Insight & Analysis

Making African trade work (part two)

Globe focussing on Africa

Trade in Africa has long been touted as the big corporate opportunity. In part one we looked at some of the main challenges. In part two we turn to solutions and future prospects.

Currently, African countries with established trading relationships with partners beyond their continent want certainty if they are to deal intra-regionally in any volume. There may be a lack of will to invest in a new distribution network where there is a proven, profitable long-term link elsewhere. Risking an upset to an existing relationship is understandably causing reticence, says Thabo Makoko, Head of Transactional Services, Absa.

Not that old relationships offer any trade guarantees in an increasingly volatile world. A key part of African commodities trade activity is now with China. The ongoing US/China trade war presents an unknown risk. China is Zambia’s biggest buyer of copper – the country is Africa's second-largest copper producer – and it has already recorded some sales declines, he notes.

Integration

In order to bring about closer intra-Africa trading relationships, systemic integration could be a solution to the problem. It is still very regionalised, and the conversation on broadening it out is not all-inclusive. “There are still some countries that are not necessarily part of the intra-Africa trade conversation which still see their primary relationships sitting in Europe and the US,” Makoko notes. But with entrepreneurial direct investment in different African countries escalating, he strongly believes that “if this culture continues, is encouraged, celebrated, and backed by technology, it will begin to evolve”.

If nothing else, the cost of cash should begin to focus corporate minds on resolving the issue, he argues. Indeed, many corporates are yet to quantify the indirect costs of transacting in cash, including the logistics of processing it, maintaining tight security, and for multi-centre operations, managing the inevitable liquidity and visibility challenges.

Cash is still a significant instrument for transacting inside the continent amongst smaller businesses: typically over 70%, and in some countries, over 90%. Even the more advanced economy of South Africa is a 50% cash-user in the non-corporate space.
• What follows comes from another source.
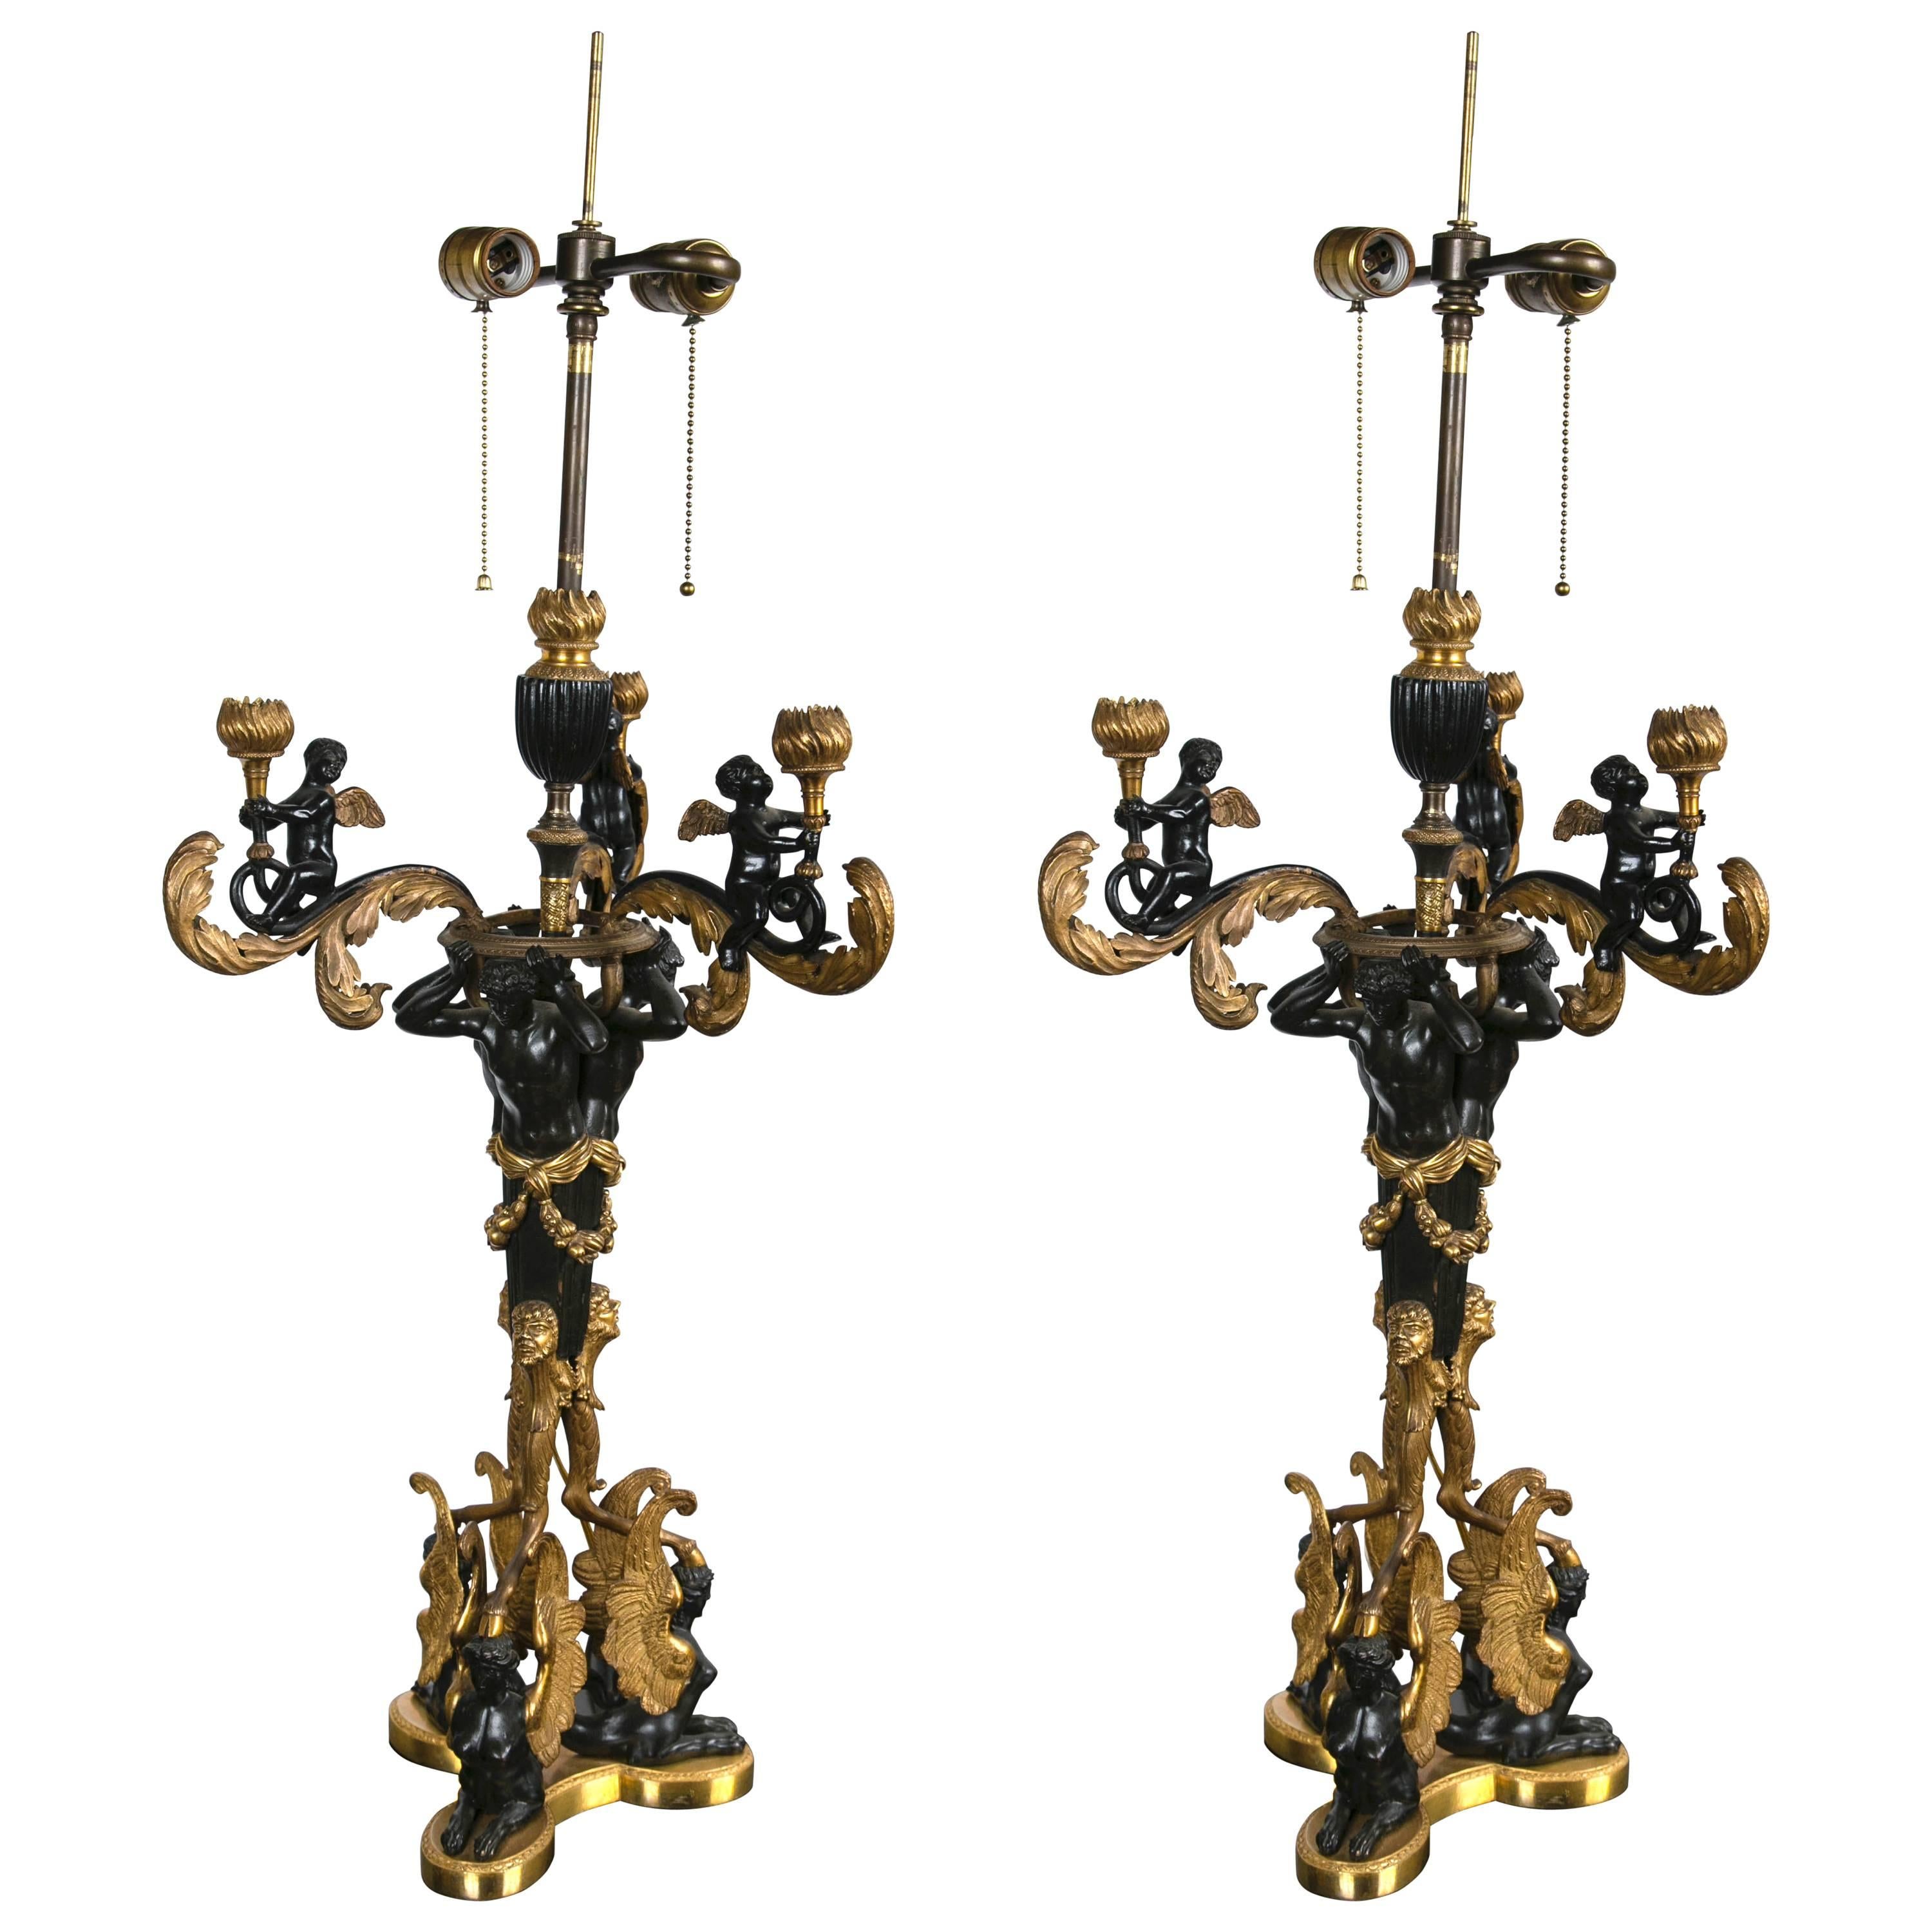 Excellent Quality Pair of Russian Gilt and Patinated Bronze Candelabra For Sale

This has an impact on corporates sellers because they will receive payments in cash, and also on corporate buyers who are in relationships with small local providers that are unbanked. This same issue applies to humanitarian ‘distributors’ like the UN which are forced to use cash because of the low number of banked individuals amongst typical recipients.

Moving forward

At the highest level, the African Union (consisting of all countries on the continent) is enabling across the board engagement between key stakeholders – including central bankers and leading business people – as they seek solutions to the ongoing challenges around facilitating trade.
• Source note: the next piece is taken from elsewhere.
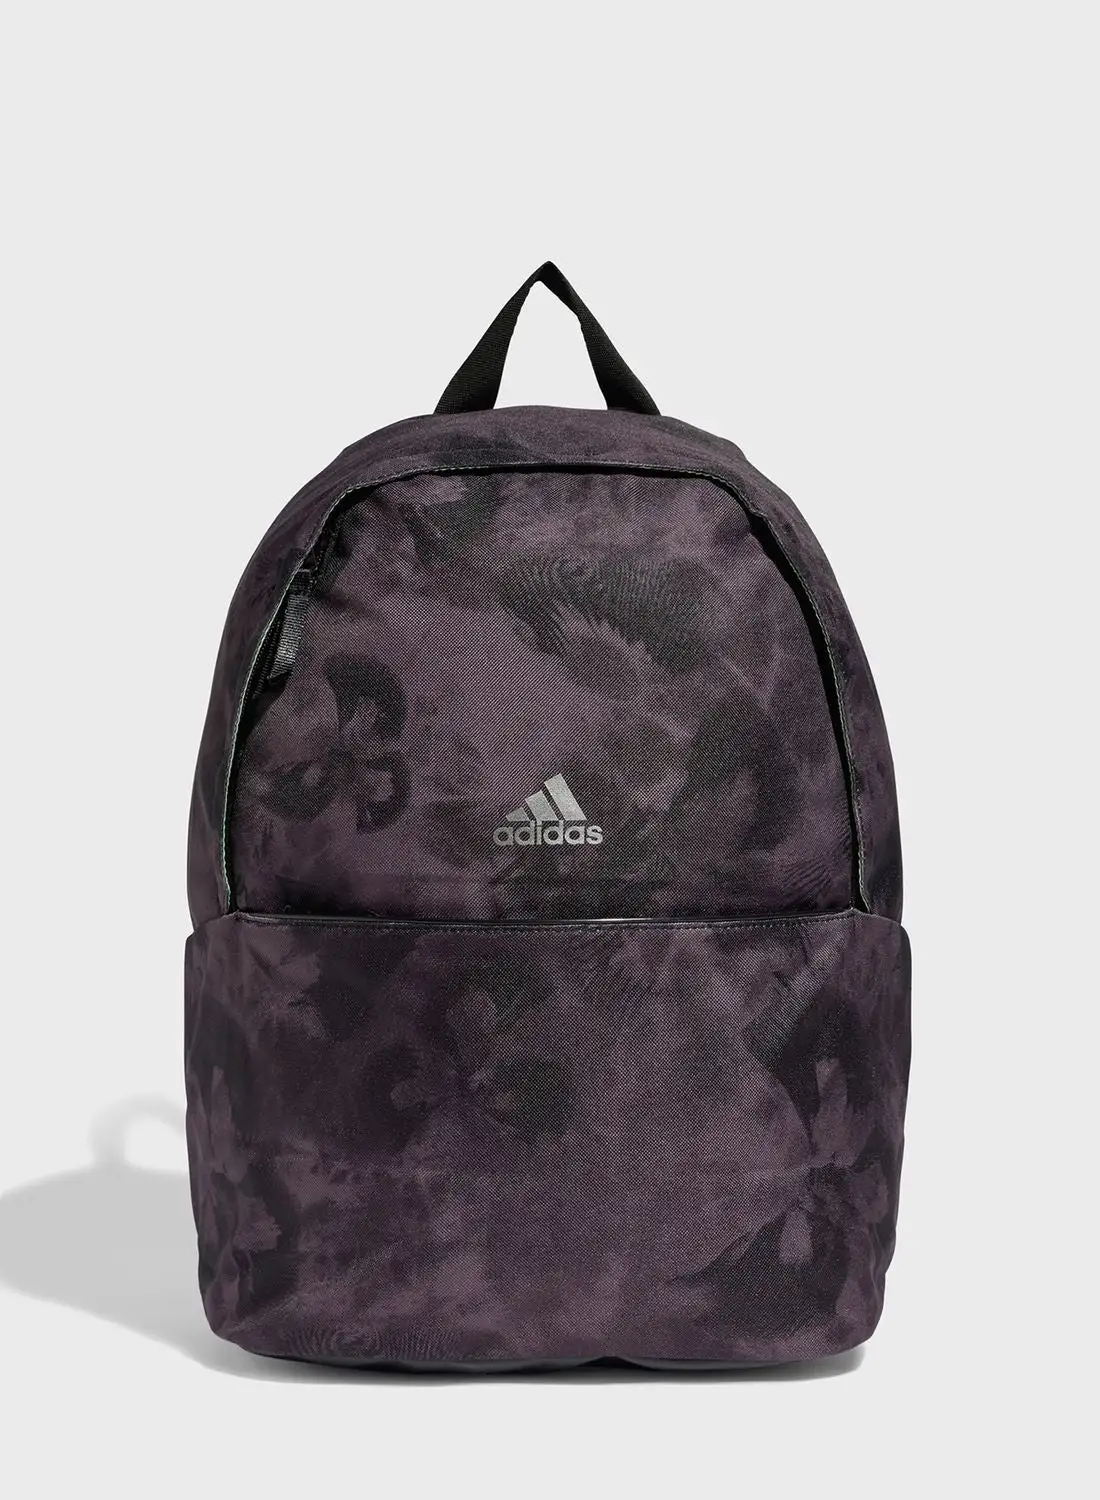 Adidas All Over Printed Gym Backpack

This includes tackling seemingly mundane issues such as making easier visa-based travel for entrepreneurs seeking to travel to and make investments in different countries. Perhaps most exciting though, comments Makoko, is the advance of online trade as it starts to replace the complexity of physical infrastructure, open up new cross-border markets, and encourage the use of digital payments and banking of the unbanked.

With the extended reach facilitated through digital trade often built through commercial partnerships (especially between banks and fintechs), there is great value in enabling different parties to talk, says Makoko. “We can begin to reduce the complexity of doing business but also allow the tapping of markets that would otherwise be neglected.”

Diversifying

In a continent that has a third of the planet’s mineral resources and 10% of the world’s oil reserves, it is obvious that it has been economically shaped by the commodities markets. But their volatility has been noted by the wise and they are responding.

According to website, Future Agenda, major oil-exporting country, Nigeria, has developed a service sector that now accounts for 60% of its GDP – including its US$3bn ‘Nollywood’ film industry, second in the world only to India’s Bollywood. Angola, Africa’s second largest oil exporter, now has 30% of government revenues coming from non-oil sources such as farming fishing and manufacturing.

With an expected collective African GDP of US$2.6trn by 2020, and US$1.4trn of consumer spending, the impact of around 500m new middle class consumers is forcing change, as it is in Asia. The average growth of the continent’s economy over the past decade has been 5% per annum. It is already as urbanised as China, and has as many cities with a population over one million as Europe. Urbanisation boosts productivity, it drives demand and, subsequently, investment.

The bottom line is that Africa is an opportunity; not to be exploited but to be partnered with.

“When corporates start thinking about trade into and out of the continent, they need to understand the issues around liquidity, the unintegrated financial systems, the cost of transacting with cash, and the complex and changeable regulatory environment,” says Makoko. “Understanding these key elements leads to better planning around visibility and movement of money, and how to deal with regulation, leading to a better view of efficiency within these constraints.”

This, he states, makes treasury’s input vital, “because ultimately it’s not the size of the business that will win the day, it’s the speed of response”.